> **What you need to do**: How do the lines below between the ones holding "Gordon & Macphail" and "Títulos de juegos", inclusive, read? Give them again exactly, with no other lines.

*** Opening of Records shown ***

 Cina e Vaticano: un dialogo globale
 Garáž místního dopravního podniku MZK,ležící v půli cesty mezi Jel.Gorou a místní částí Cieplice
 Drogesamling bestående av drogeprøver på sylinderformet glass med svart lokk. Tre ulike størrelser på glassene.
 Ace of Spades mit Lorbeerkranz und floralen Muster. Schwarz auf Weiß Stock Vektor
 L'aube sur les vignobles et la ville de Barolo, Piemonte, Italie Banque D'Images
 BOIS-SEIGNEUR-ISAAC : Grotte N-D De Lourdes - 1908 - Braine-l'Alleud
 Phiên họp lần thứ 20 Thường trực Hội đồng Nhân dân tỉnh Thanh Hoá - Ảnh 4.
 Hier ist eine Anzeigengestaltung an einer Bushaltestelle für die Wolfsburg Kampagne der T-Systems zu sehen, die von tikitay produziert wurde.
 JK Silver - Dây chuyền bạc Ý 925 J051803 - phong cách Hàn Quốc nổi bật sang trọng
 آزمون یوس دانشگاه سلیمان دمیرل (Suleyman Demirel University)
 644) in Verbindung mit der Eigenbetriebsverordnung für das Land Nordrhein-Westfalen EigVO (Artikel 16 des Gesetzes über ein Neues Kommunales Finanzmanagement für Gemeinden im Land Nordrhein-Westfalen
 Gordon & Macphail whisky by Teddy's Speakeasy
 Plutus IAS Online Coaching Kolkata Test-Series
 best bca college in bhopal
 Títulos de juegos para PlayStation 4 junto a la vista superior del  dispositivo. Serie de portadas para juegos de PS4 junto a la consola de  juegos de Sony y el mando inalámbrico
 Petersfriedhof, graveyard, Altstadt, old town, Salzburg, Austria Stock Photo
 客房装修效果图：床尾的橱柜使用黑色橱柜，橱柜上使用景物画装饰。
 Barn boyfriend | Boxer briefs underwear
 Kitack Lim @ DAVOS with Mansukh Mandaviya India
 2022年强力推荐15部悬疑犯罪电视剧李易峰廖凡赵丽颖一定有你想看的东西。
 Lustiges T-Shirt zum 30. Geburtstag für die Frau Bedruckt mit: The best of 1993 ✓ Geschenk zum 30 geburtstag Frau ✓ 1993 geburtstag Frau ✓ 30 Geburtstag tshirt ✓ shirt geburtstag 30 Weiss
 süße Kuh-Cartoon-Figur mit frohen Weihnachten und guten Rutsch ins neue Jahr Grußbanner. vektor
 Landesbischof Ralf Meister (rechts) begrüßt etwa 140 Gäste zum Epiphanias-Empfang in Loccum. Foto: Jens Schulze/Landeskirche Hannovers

*** Close of Records shown ***

> **Output for this exercise**:
 Gordon & Macphail whisky by Teddy's Speakeasy
 Plutus IAS Online Coaching Kolkata Test-Series
 best bca college in bhopal
 Títulos de juegos para PlayStation 4 junto a la vista superior del  dispositivo. Serie de portadas para juegos de PS4 junto a la consola de  juegos de Sony y el mando inalámbrico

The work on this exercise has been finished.